Search code examples
hadoophdfsbigdataflumeflume-ng

How to split an event to multiple events to send them to multiplexed fan out flow


We are planning to use kafka flume-ng integration(Flafka) where flume is the consumer for kafka queues. Flume agents will receive files listing commands and their output as shown below:

root@host> [Command1]

[Output1]

root@host> [Command2]

[Output2]

The file may contain multiple commands and a command's output may be huge. We need to intercept the event (which is the file data) and split the event into multiple events based on commands. The source will then fan out the flow to multiple channel sending each sub-event to a channel(using multiplexing) and each sink will store the command info to respective Hive table. Is it possible to use fanout flow to split an event to multiple events? Or If I ask in other way, Can we split an event into multiple events in an interceptor?

I have read about regex extractor interceptor and serializer, but not sure if it can be of any help for this scenario.


Solution

  • If I've understood well, you need the original event taken from a Kafka queue is splited into several, let's say, sub-events. And you want to know which piece of Flume could do that.

    I think interceptors are not suitable for that purpose since interceptors are "placed" between the source and the channel, and they are designed to add, delete or modify the headers about a Flume event before putting it into the channel; as much, they can drop the entire event. But they are not able to generate several events based on other existing one.
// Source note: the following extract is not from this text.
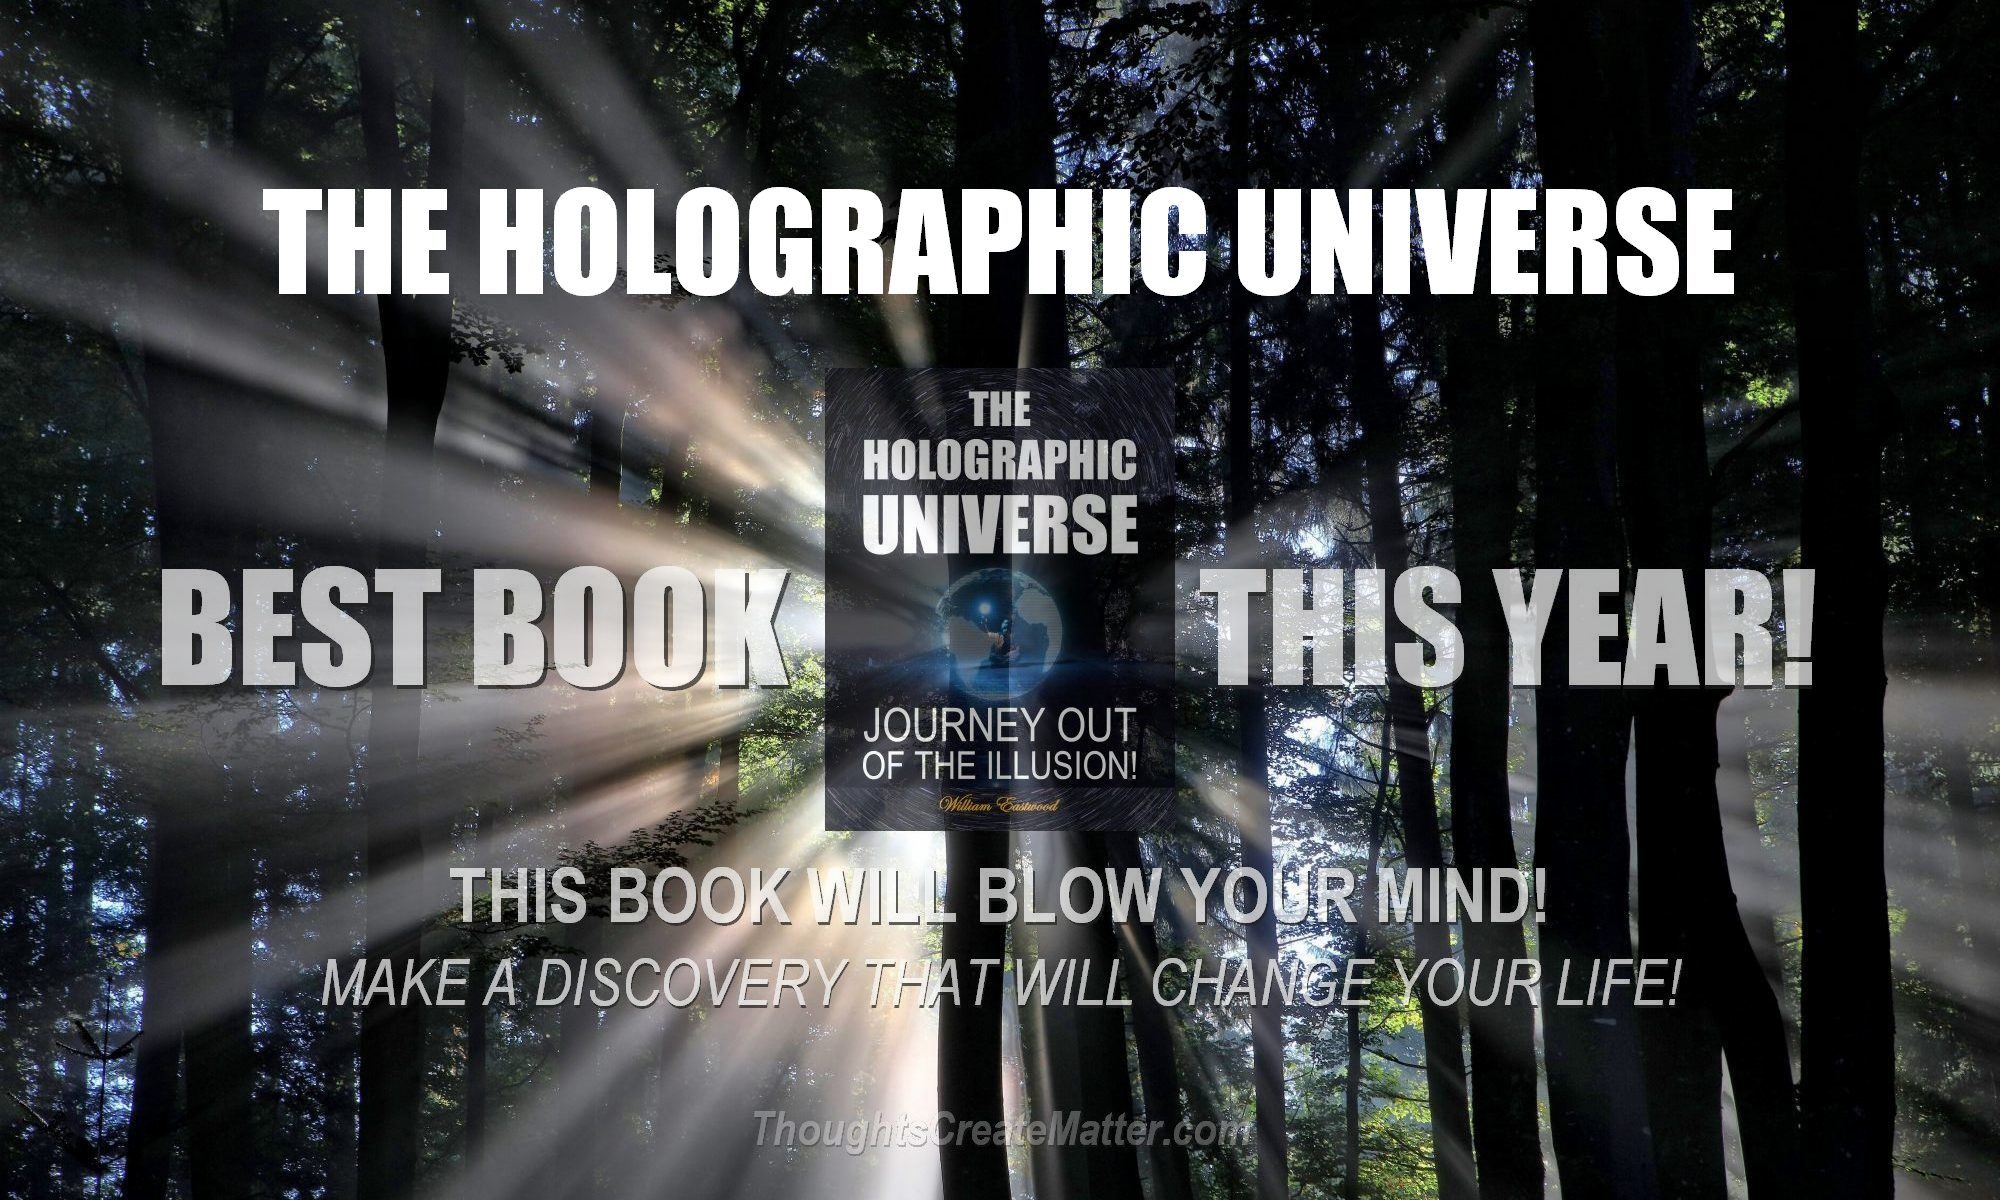 The holographic universe - journey out of the illusion

    I think you are looking for something like a handler attached to the source, able to interpret the events taken from Kafka and generating several Flume events at the source output. This concept is something similar to the handlers you can attach to a HTTPSoure (more details here). If such a thing is possible with your source, most probably you will have to develop your own custom handler, since the functionality you are required is very specific.